I understand the idea of mini-batch gradient descent for neural networks in that we calculate the gradient of the loss function using one mini-batch at a time and use this gradient to adjust the parameters.

My question is: how many times do we adjust the parameters per mini-batch, i.e. how many optimisation iterations are performed on a mini-batch?

The fact that I can't find anything in the TensorFlow documentation about this to me implies the answer is just 1 iteration per mini-batch. If this assumption is correct, then how does an optimisation algorithm, like adam, work which uses past gradient information? It seems strange, since then gradients from past mini-batches are being used to minimise the loss of the current mini-batch?

nbro
  • 39,006
  • 12
  • 98
  • 176
user50018
  • 13
  • 2

1 Answers1

0

How many optimisation iterations are performed on a mini-batch?

Just one, as you suspected.

then how does an optimisation algorithm like adam work which uses past gradient information?

It uses the gradient estimates from each mini-batch as its input sequence.

It seems strange since then gradients from past mini-batches are being used to minimise the loss of the current mini-batch?

Each mini-batch generates a gradient which is an estimate of the true gradient of the loss function over the whole dataset.
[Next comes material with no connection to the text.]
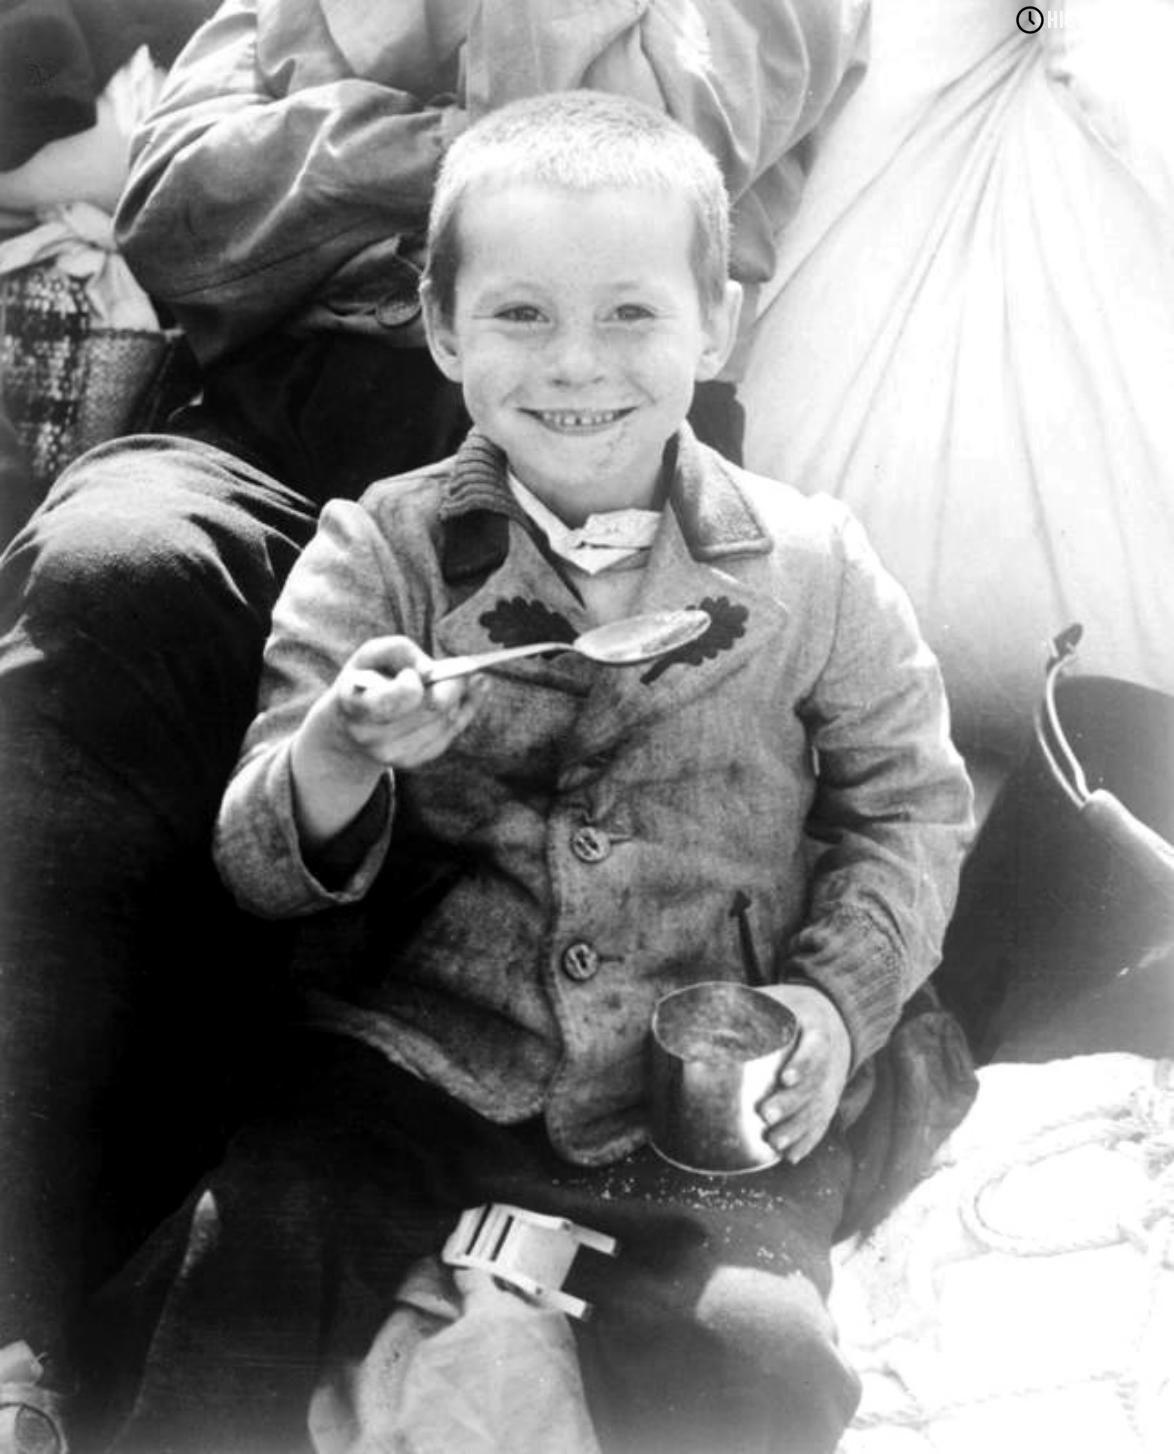 Polski chłopiec je pierwszy posiłek po wyzwoleniu przez Amerykańskie wojsko obozu Eisenach (podobozu Buchenwald). Był to obóz, który wykonywał sprzęt wojsk

There can be a lot of randomness in this, depending on the problem and the size of the minibatch, but the expected value of the gradient for any fairly sampled minibatch is the mean gradient for the whole dataset.

As there is an update between each minibatch, the expected gradient will change, because the new parameters will generate a new loss value from a new location in the parameter space that is being searched for optimal values.

Adam is not intended to calculate a single true gradient for the whole dataset or population. If you wanted that outcome, then you could use the entire dataset for each step instead of minibatches. Instead, Adam applies some second-order effects to gradient step updates:

  • Adam does not take a direct deepest descent step, but normalises steps in each parameter against a rolling average of gradients seen so far.

  • Adam applies a form of momentum to update steps.

These manipulations of gradient data appear to work well in practice when optimising parameters over complex loss function spaces with many ridges, valleys and saddle points.

Neil Slater
  • 28,678
  • 3
  • 38
  • 60